To enable a gene search using old gene models (4, 28), we made connections between old gene models and SilkBase gene models 2017. Like we did for KEGG proteins, we made alignments of predicted proteins between old gene models and gene models 2017 and selected the best hit of each alignment.

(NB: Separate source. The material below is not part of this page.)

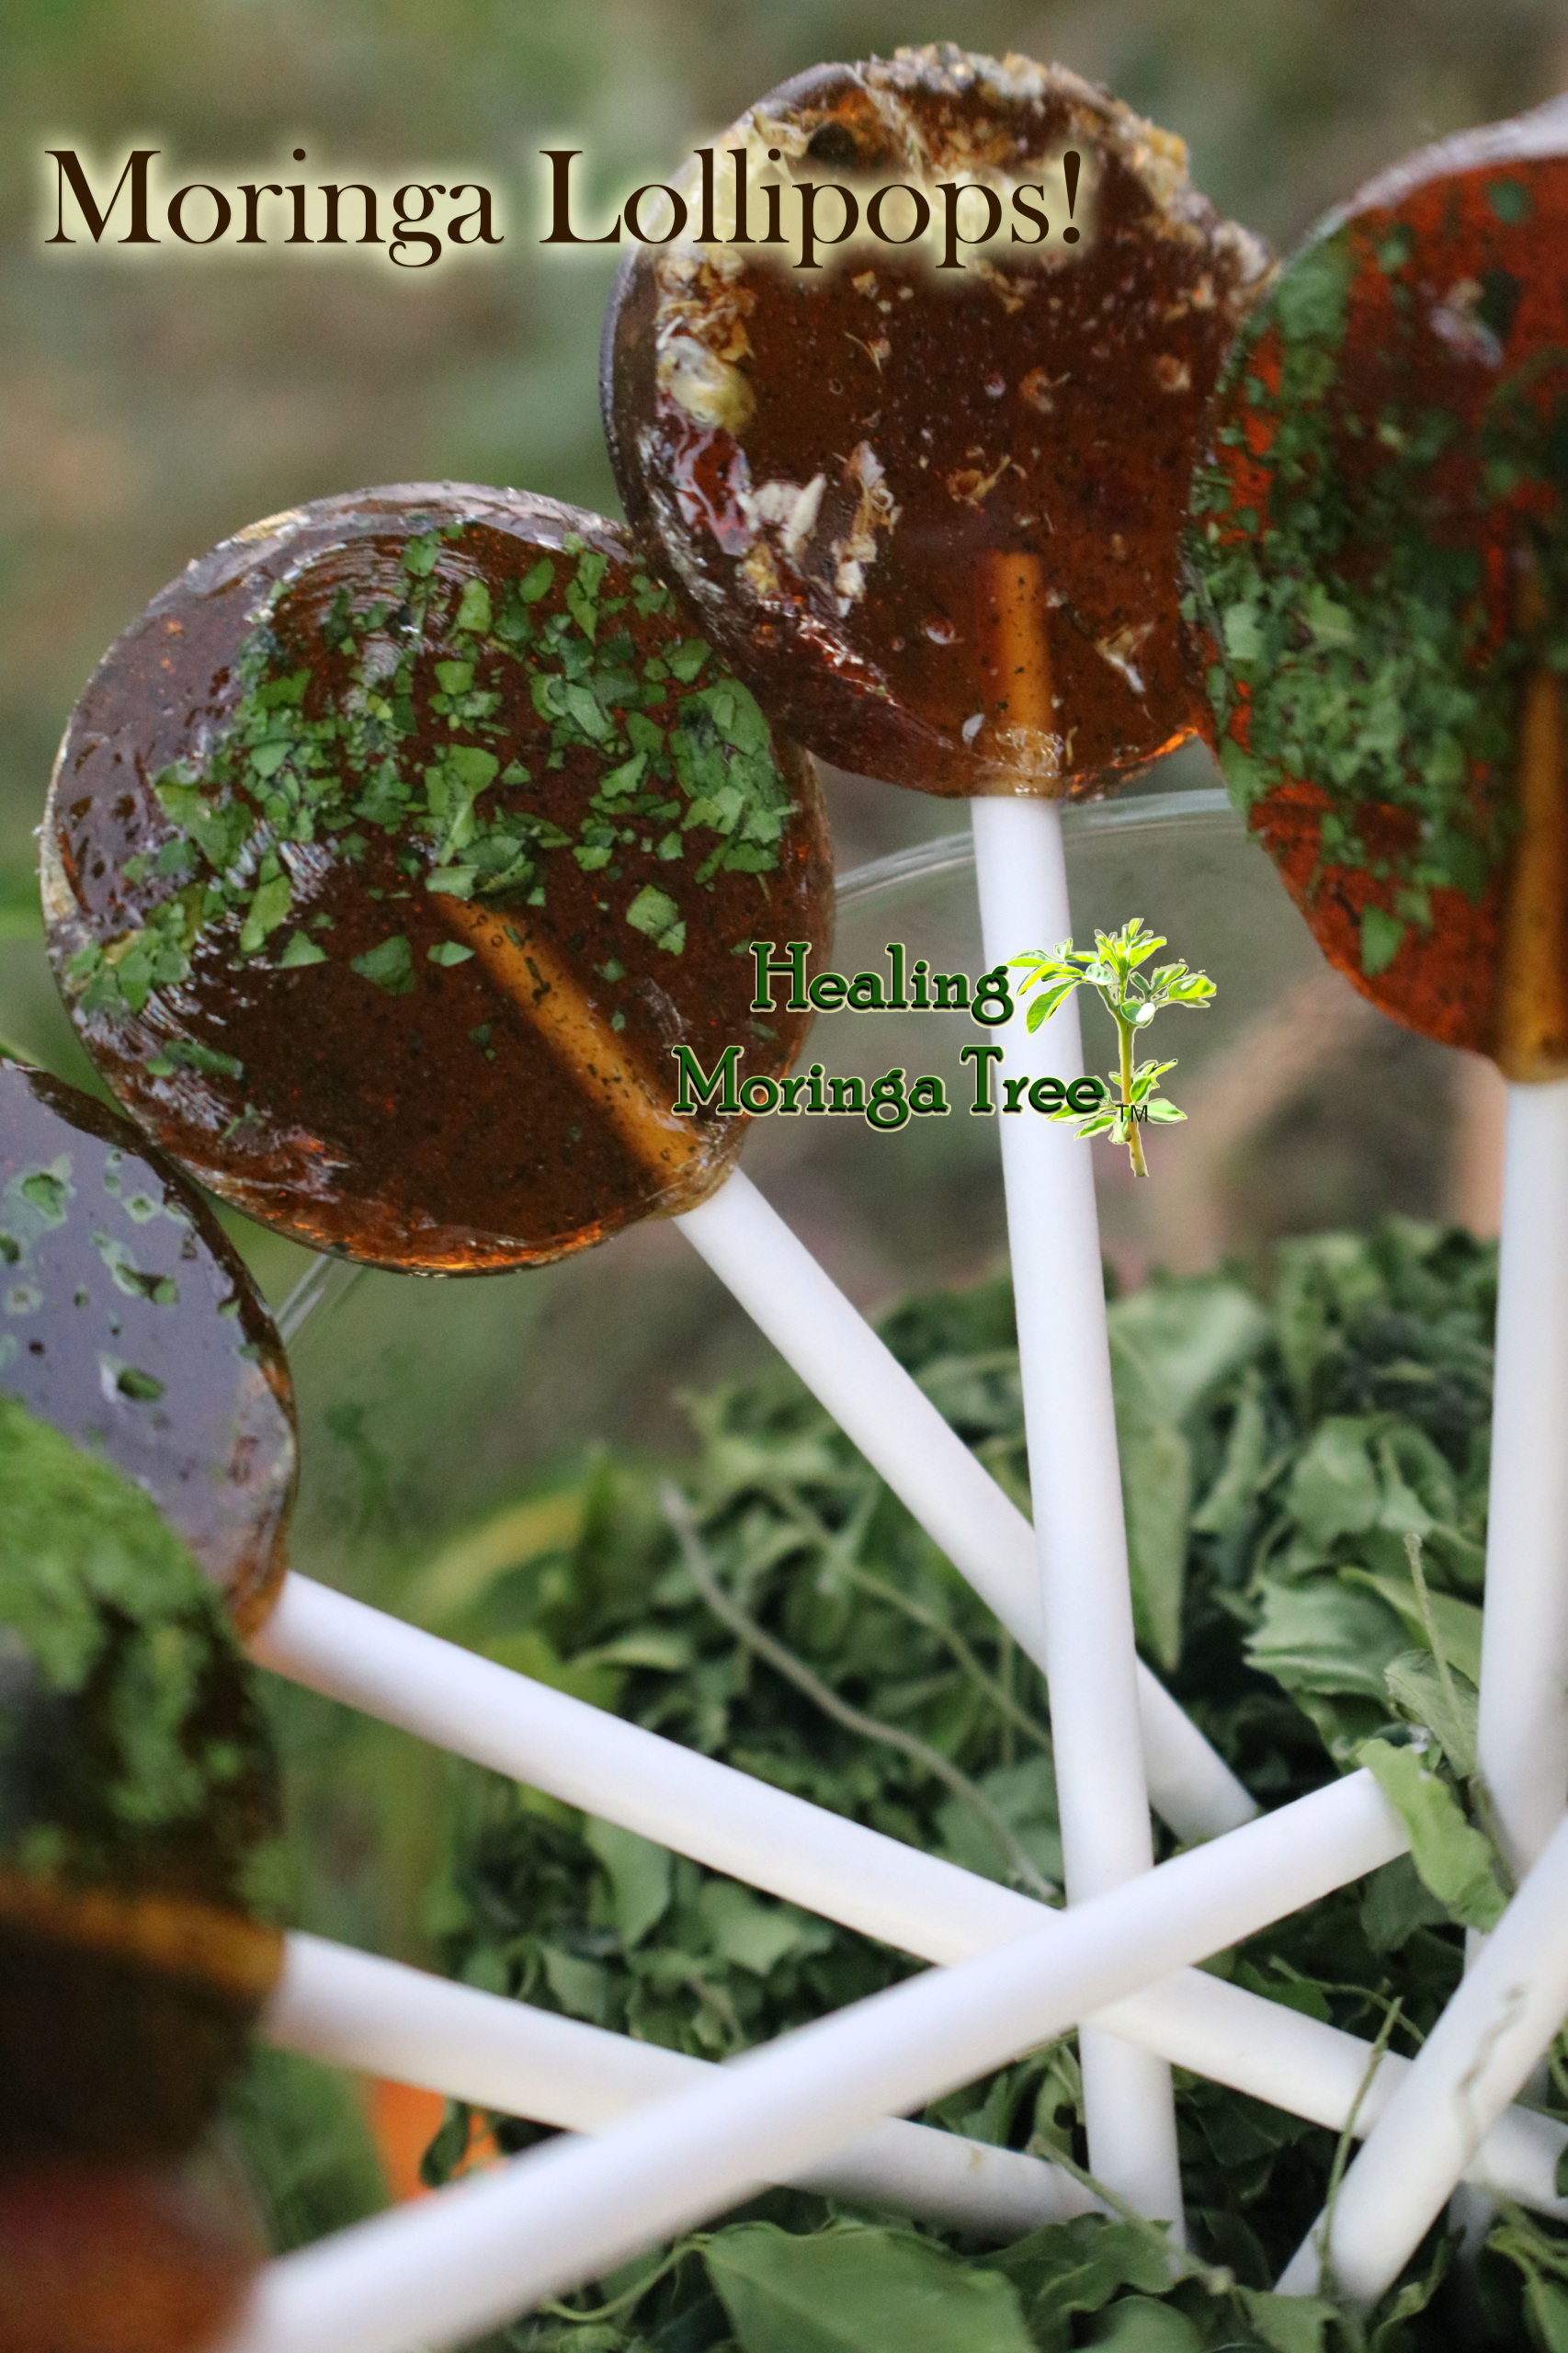 Moringa Lollipops (Out Of stock)

Pre-processing of transcriptomic and epigenomic data
We collected transcriptomic and epigenomic data of silkworm-related projects from NCBI. For transcriptomes, we classified them into three categories, ‘DEG’ (differentially expressed genes), ‘Stage’ and ‘Tissue’. ‘DEG’ means the project is to identify differentially expressed genes in different experimental conditions. ‘Stage’ means the project is to observe gene expression at stages of different time points. Tissue means the project is to obtain expression profiling in different tissues. Following the standard RNA-seq analysis protocol (29), we mapped transcriptomic reads onto the reference genome by bowtie (30) and called Fragments per Kilobase Million (FKPM) by cuffnorm (31).
For epigenomic data, according to experimental methodologies, we classified them into ChIP-Seq, Bisulfite-Seq and miRNA. ChIP-Seq stands for combining chromatin immunoprecipitation (ChIP) assays with next-generation sequencing. Bisulfite-Seq is the use of bisulfite treatment of DNA before routine sequencing to determine the pattern of methylation (32). Small RNA means small RNA sequencing. For ChIP-Seq data, we used Bowtie to align reads onto the reference genome and inspected signatures by MAC2 (33). We used Bismark (34) to pre-process Bisulfite-Seq data. We aligned small RNA reads onto the reference genome by Bowtie. Epigenomic analysis results are converted into bigWig format by the UCSC Genome tool bedGraphToBigWig for display in terminals.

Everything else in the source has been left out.